● **DATASET ENTRIES**

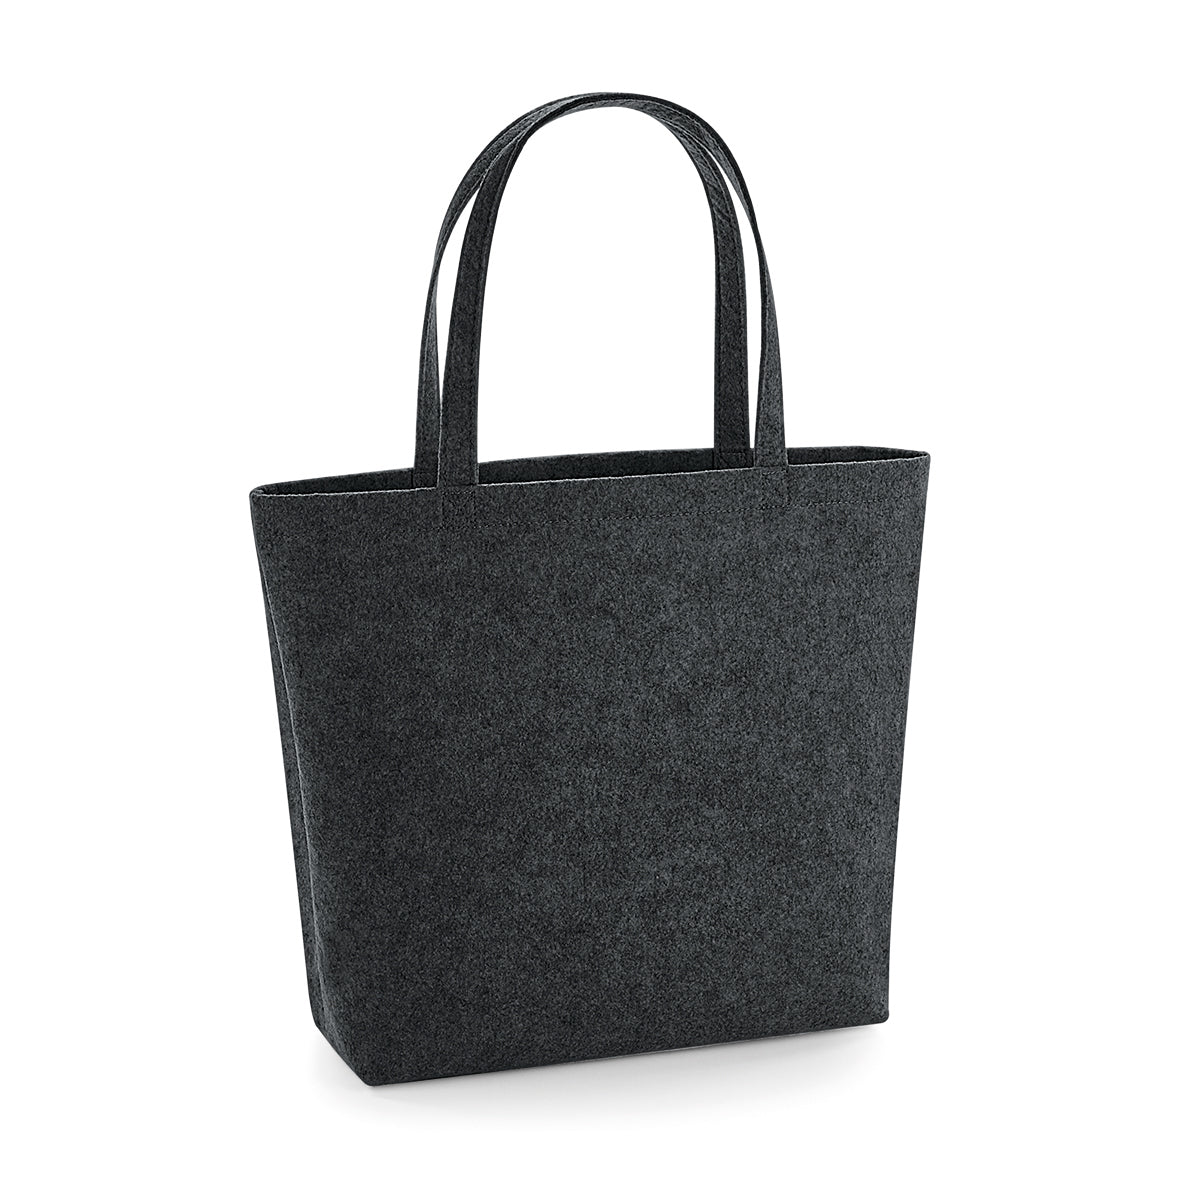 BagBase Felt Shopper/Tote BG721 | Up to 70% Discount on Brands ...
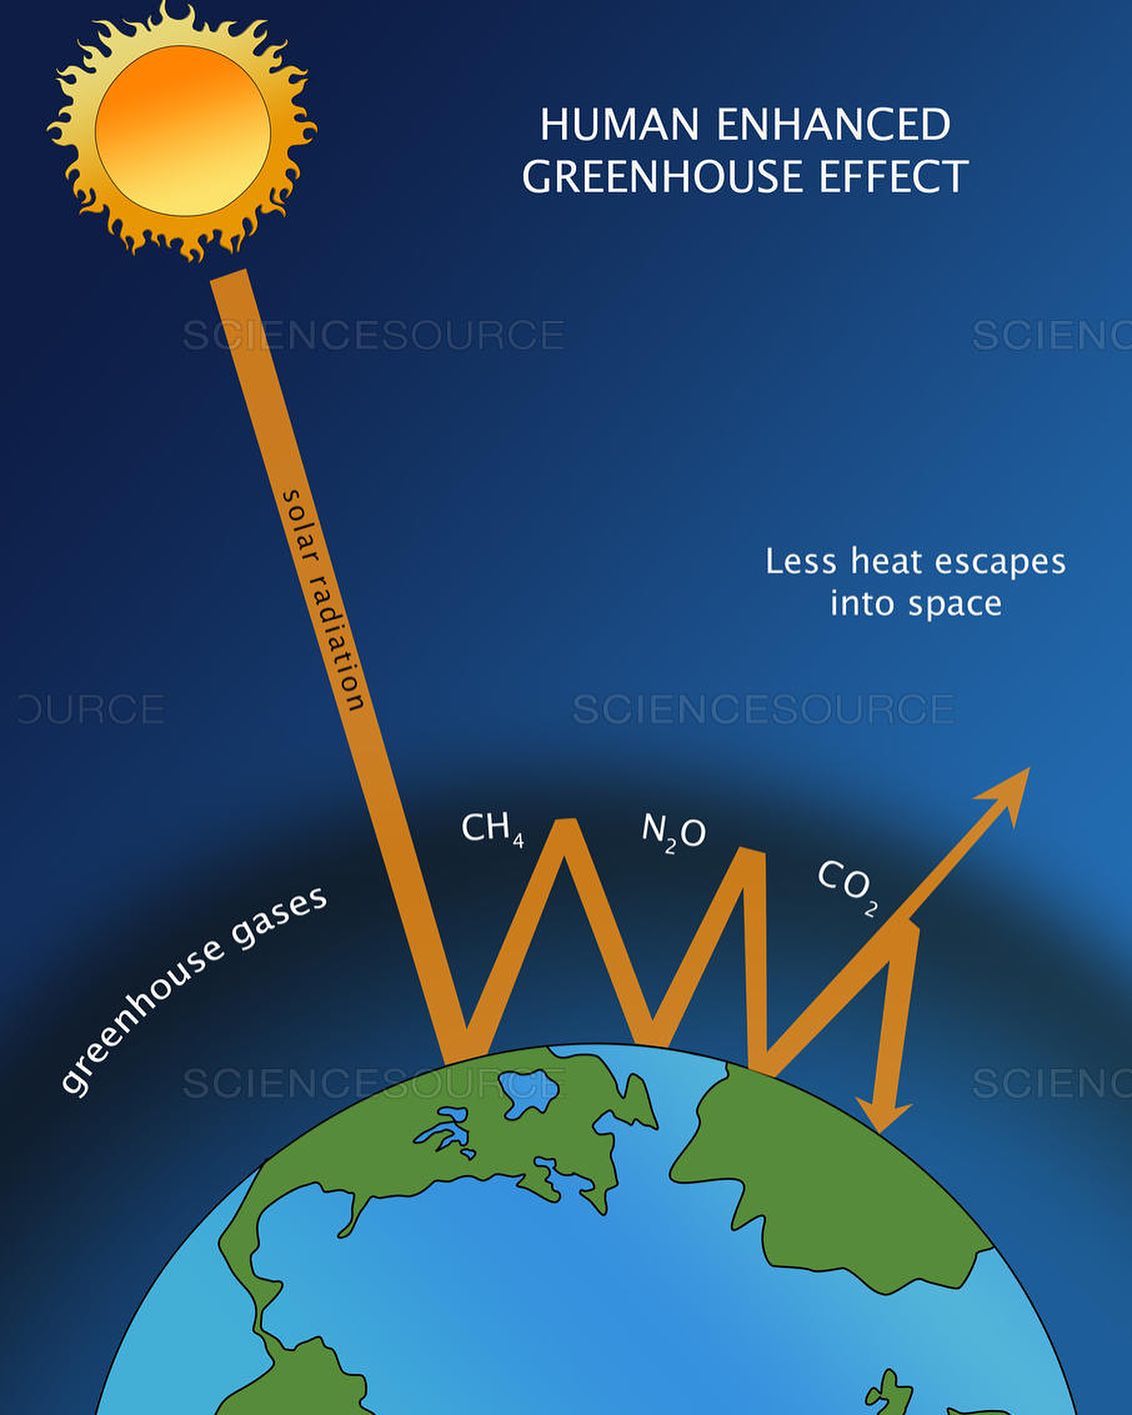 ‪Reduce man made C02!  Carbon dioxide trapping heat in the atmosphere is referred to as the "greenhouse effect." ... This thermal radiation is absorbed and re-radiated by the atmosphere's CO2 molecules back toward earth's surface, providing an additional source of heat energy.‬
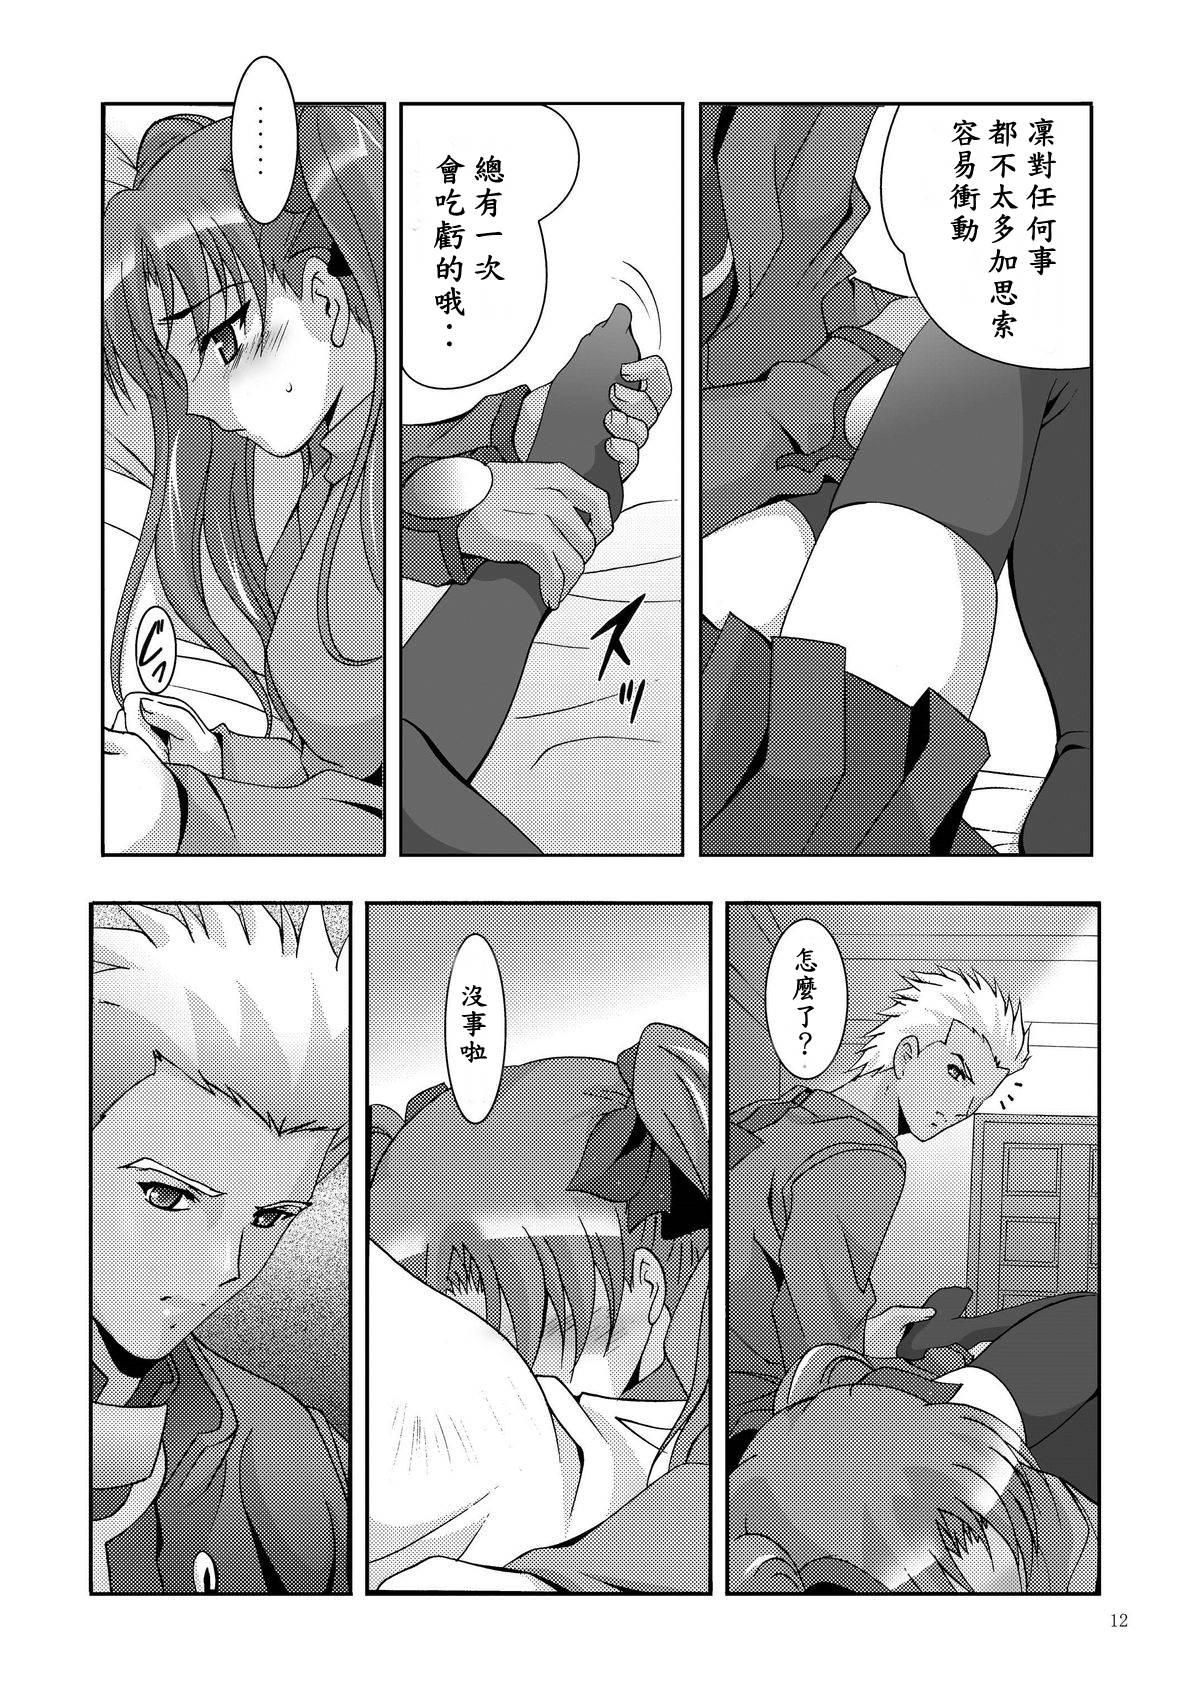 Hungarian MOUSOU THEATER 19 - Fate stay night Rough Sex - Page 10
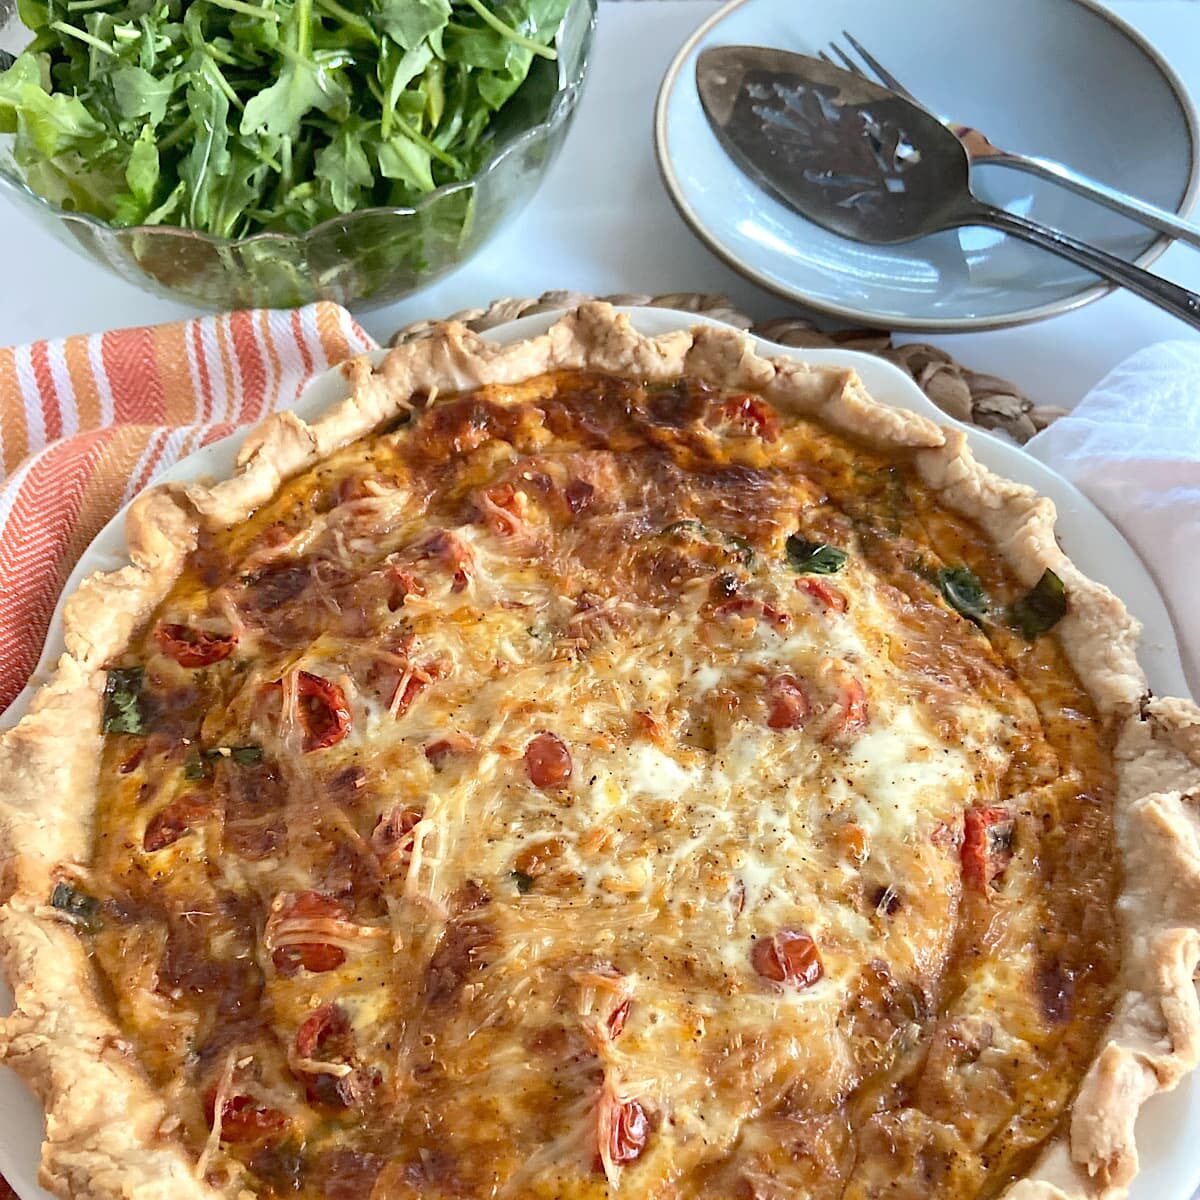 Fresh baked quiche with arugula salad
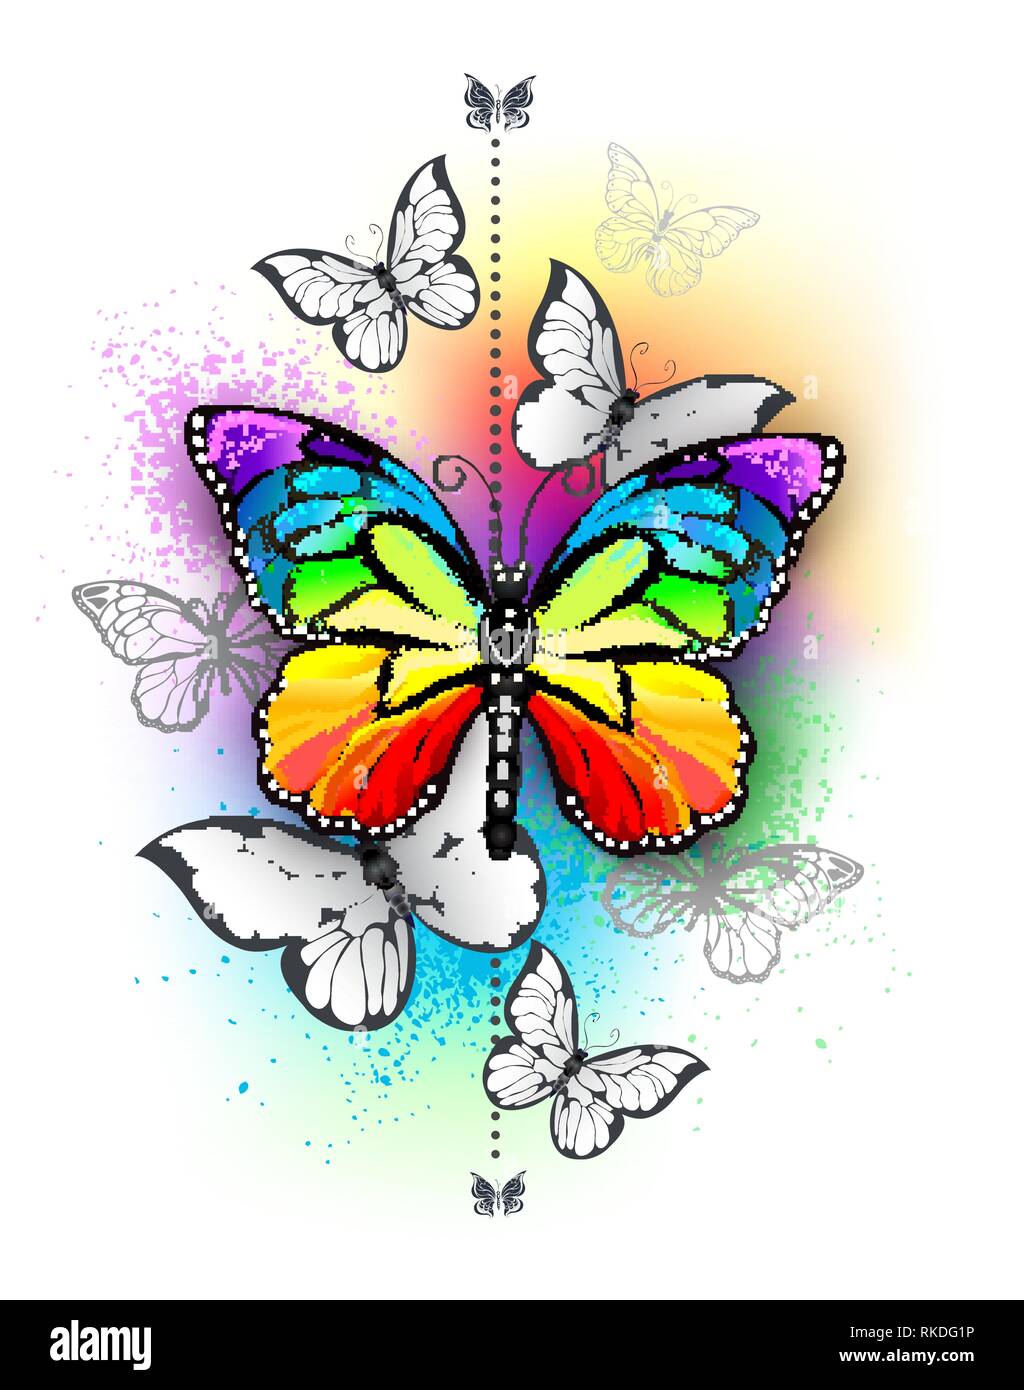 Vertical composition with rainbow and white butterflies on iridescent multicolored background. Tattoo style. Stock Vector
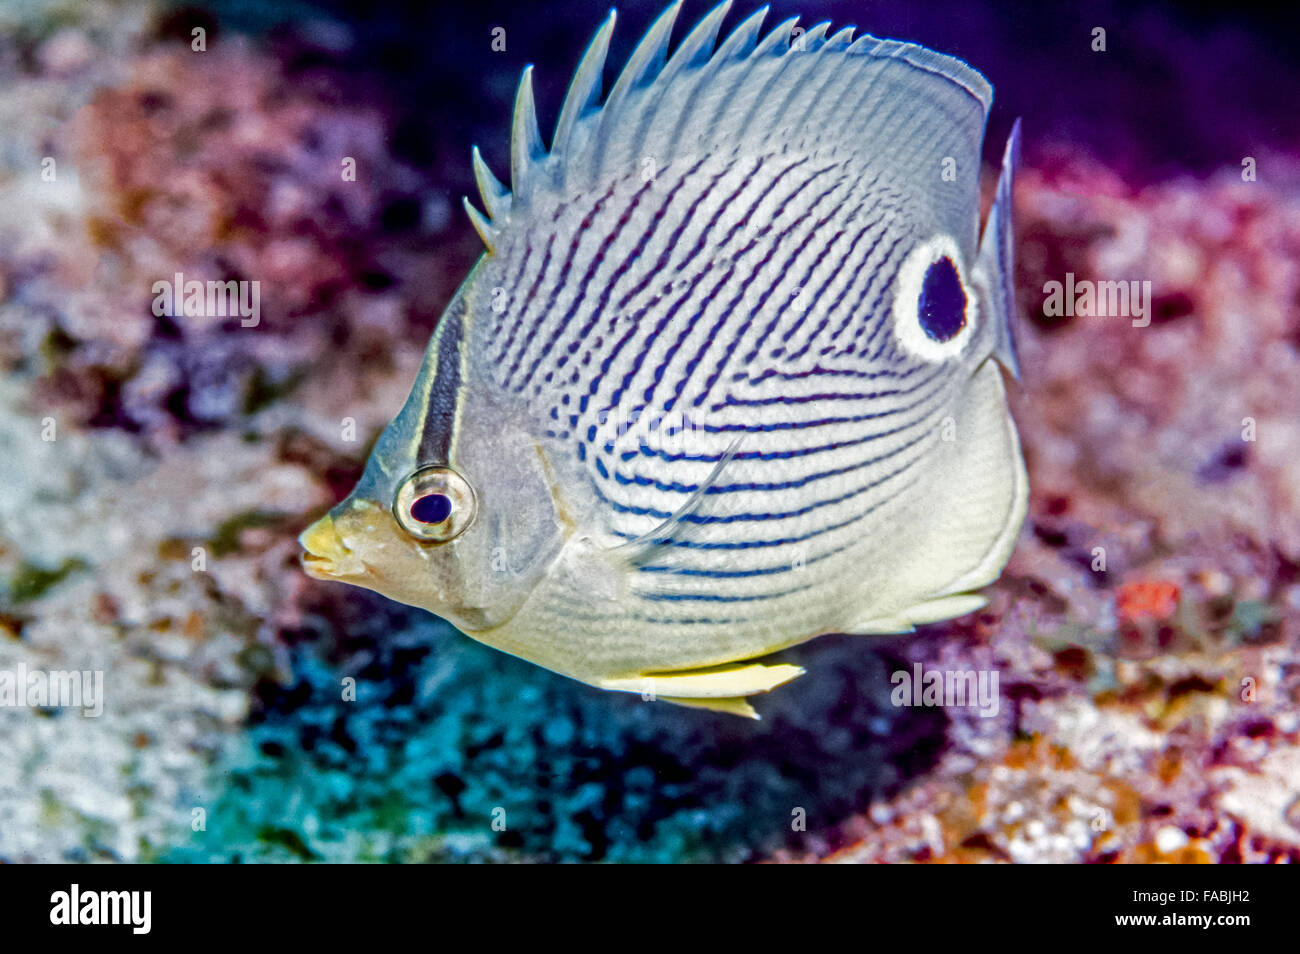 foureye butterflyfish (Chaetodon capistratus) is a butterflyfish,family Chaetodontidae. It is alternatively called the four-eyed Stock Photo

● **WHAT IS BEING ASKED**
In the records above, find the line containing "Hungarian MOUSOU THEATER", then please restate it and each line after it word for word, pictures excluded.

● **COMPLETED EXERCISE**
 Hungarian MOUSOU THEATER 19 - Fate stay night Rough Sex - Page 10
 Fresh baked quiche with arugula salad
 Vertical composition with rainbow and white butterflies on iridescent multicolored background. Tattoo style. Stock Vector
 foureye butterflyfish (Chaetodon capistratus) is a butterflyfish,family Chaetodontidae. It is alternatively called the four-eyed Stock Photo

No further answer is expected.